Latest release done in January 2023, dropping support for v10.
Next release is planned for September/October 2023 at the same time as PostgreSQL 16 to have both available at the same time.
Development work for the upcoming release in the works:
- Bug fix focus.
- Plug in into the module a yyac layer to retrieve hints from queries rather than the current code, removing weird cases where a value in a WHERE clause could be considered as a valid hint (Spoiler: it should not). WIP patch relies on psql's yyac, largely simplified, to get the work done.
- Plug in a second yyac/lex to parse the hints retrieved from the query strings. This would be kept separated from the first one to have a simpler maintenance if any yyac rules change in upstream.
- Possibility to disable indexes in queries: DisableIndex as well as possibility to define an index list for bitmap index scan, index scan and index only scans.

Areas of improvements that have been mentioned:

Force PGC_POSTMASTER GUCs in SET hints.
Store query ID in hint table rather than the normalized query. Per Horiguchi-san, it happens that we'd still need to keep a track of the normalized query to be able to look at that without pg_stat_statements.
Enforce starting relation for group node in join path.
Provide ability to force full executor/planner tree. May not be related to something pg_hint_plan could do as plan reproducibility is a larger problem when shared among backends.
Storage and reuse of plans generated by the planner. Similar to last point.
Taking in input (explain analyze, query string, plan I would like) => generate a list of hints that could be used.
Force row estimates for simple scans inside hints (Lukas F.). This may prove to be challenging as pg_hint_plan does not go this much into the planner internals and there is no specific hooks that allow this level of granularity.

Index Prefetching

Notes from Tomasz R.:

The main prefetching goal is to increase performance: we ask (OS or PostgreSQL) for page in advance to avoid waiting and have it ready when we need it later.

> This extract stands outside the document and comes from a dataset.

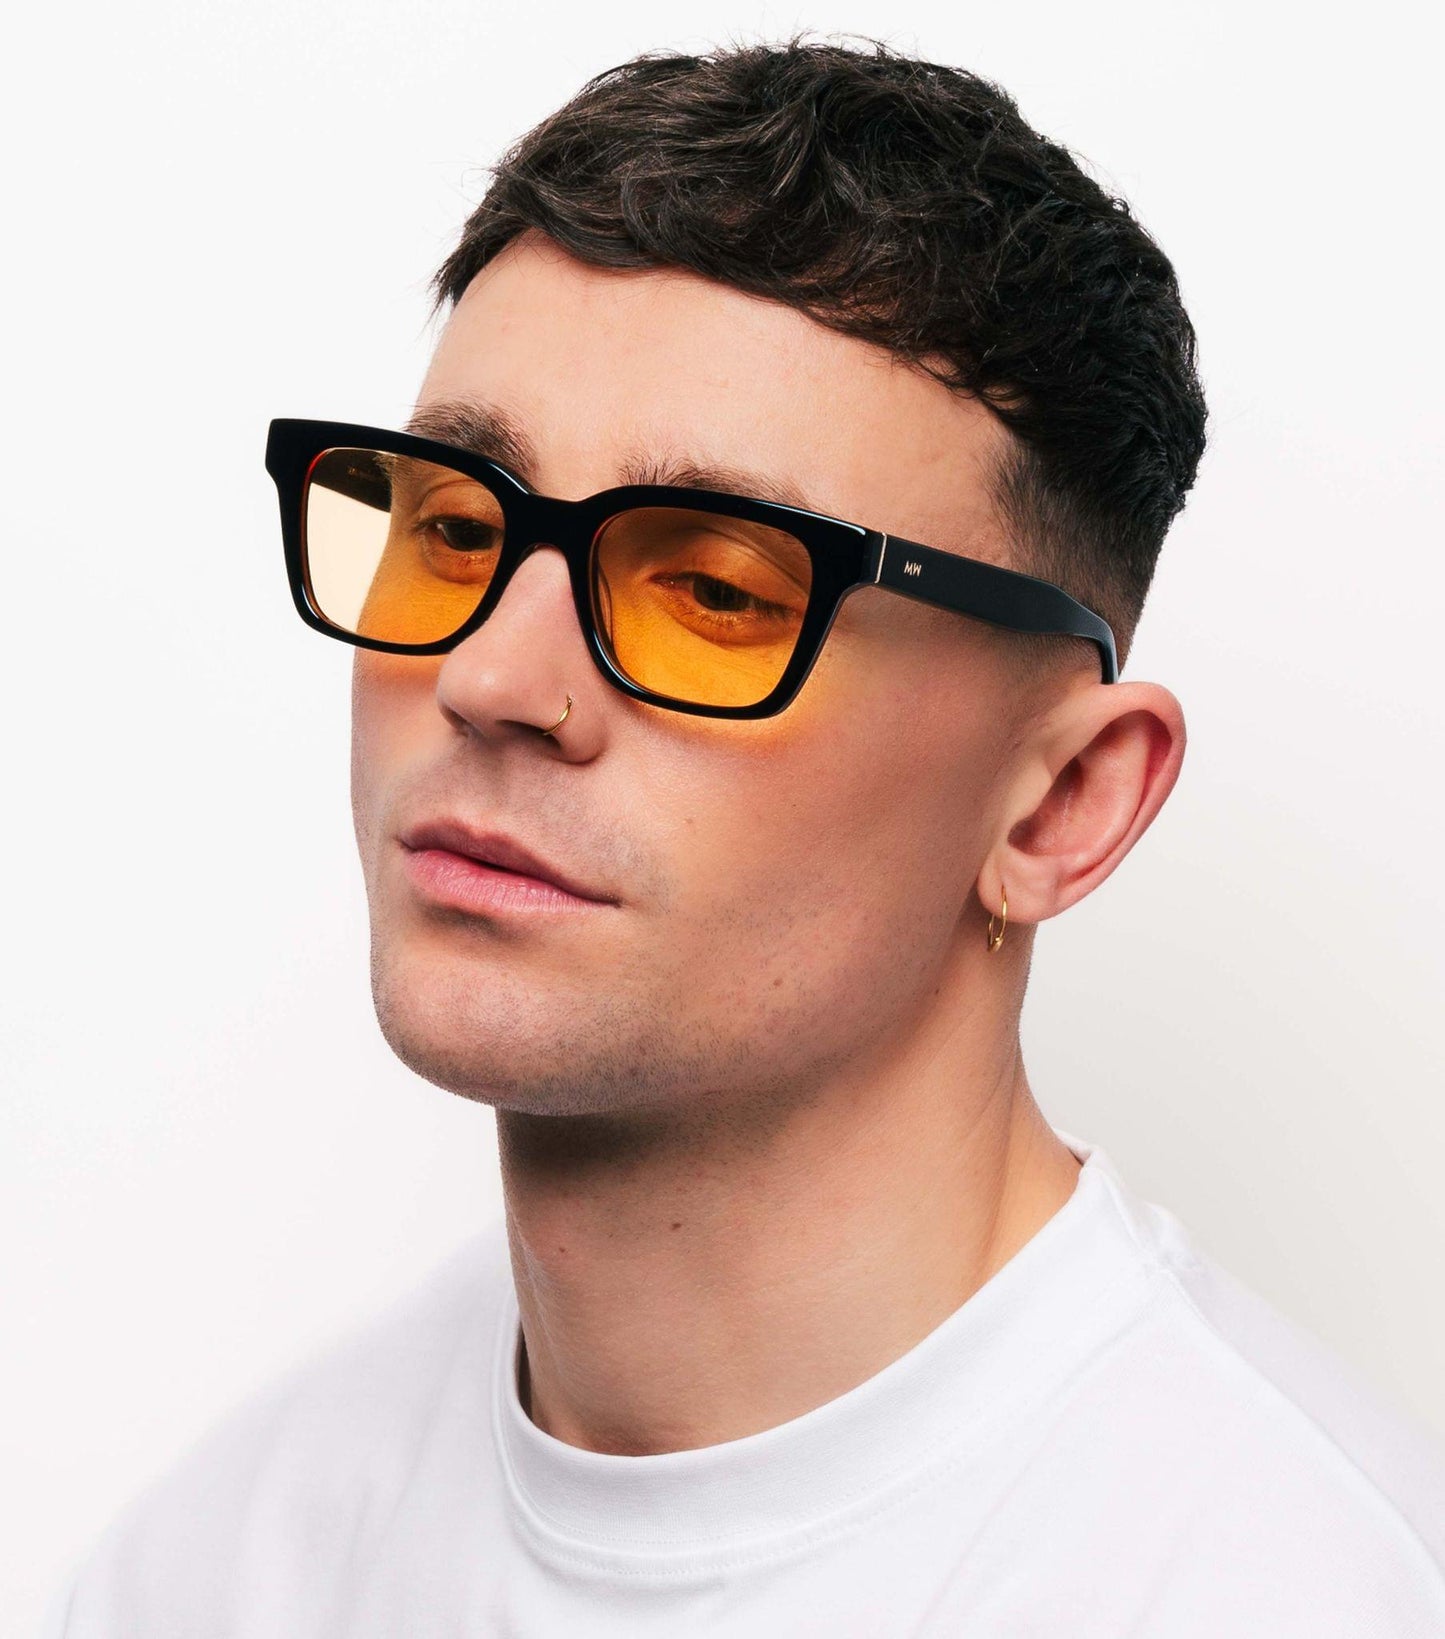 Dean, Rectangular sunglasses for men and women yellow lens UV400 protection
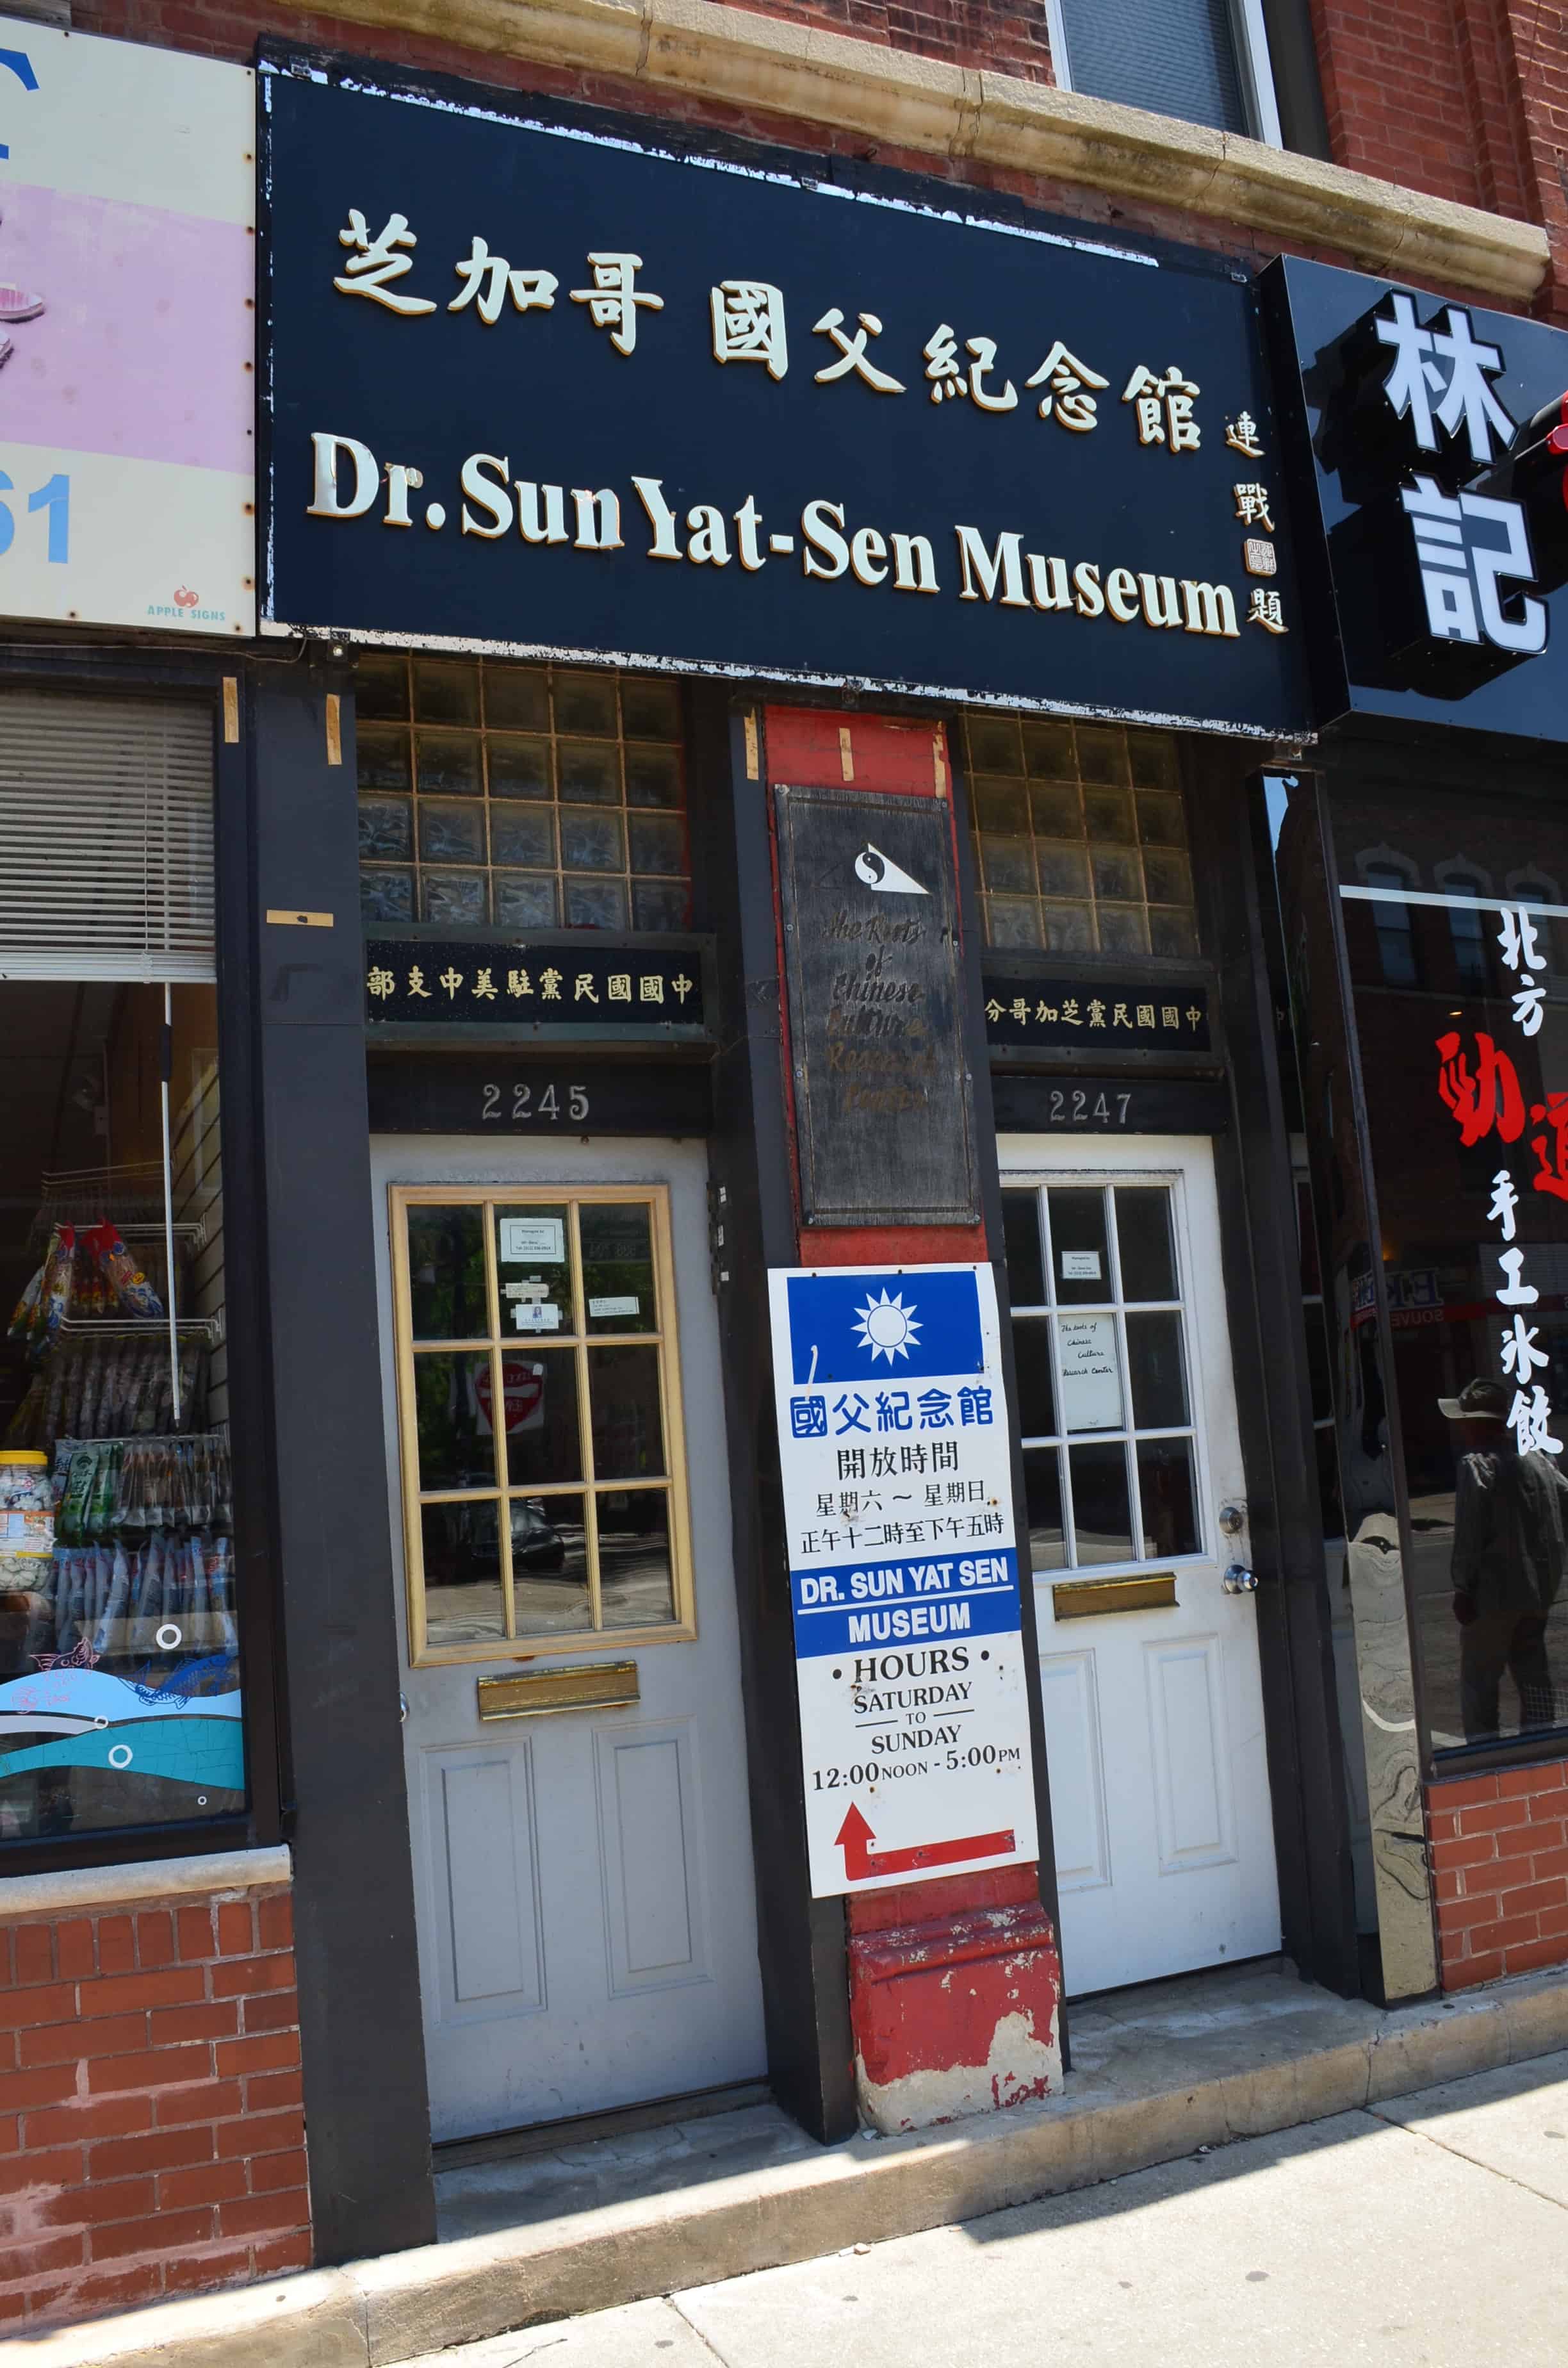 Dr. Sun Yat-sen Museum in Chinatown, Chicago, Illinois

This is only about heap pages' prefetching; most of indices pages' should be already in RAM, so (trying to) prefetching them won't bring performance gains and'll cost syscalls. OTOH it might be useful for index-only scans, to (pre-)fetch leaf nodes, to have them ready when we want to check their predicates.

Bitmap index scan already uses prefetching when building bitmap; but other indices don't. Prefetching's ultimate goal should be to restore/bring performance of Bitmap Heap Scan for all index types. It should be possible for all indices except for GIN: it is lossy and we cannot reliably get tuple from it. The other solution would be to overuse Bitmap Scan - but this might lead to mis-optiming queries, especially without ordering. There are also differences in storing duplicates: 12 and earlier keep them in any order, 13 and later in increasing ctid order. Also, sometimes usage of bitmap scan is not possible - for example for GiST/distance queries.

When we follow index, most of IO is random. And most of algorithm/code is synchronous which means we need to wait for that page to be read. So, the more operations we need to perform on that page/tuple, the better for final gain.

The original version of patch was fetching all links from leaves: rationale was that it'll behave a bit like sequential scan, reading continuous stream of pages. But here with additional level of indirection: not heap pages, but heap pages pointed by used index. But with more realistic queries, we don't use all those pages: we have SORT, WHERE, LIMIT... It means that most probably we won't need many of those (already-read) pages; it also means that reading them will be wasteful. We might get information from planner how many we'll (might) need, and behave like during bitmap scan, using incremental ramp-up; in any case reading right link of leaf page (i.e. reading next page) makes sense in most of the cases.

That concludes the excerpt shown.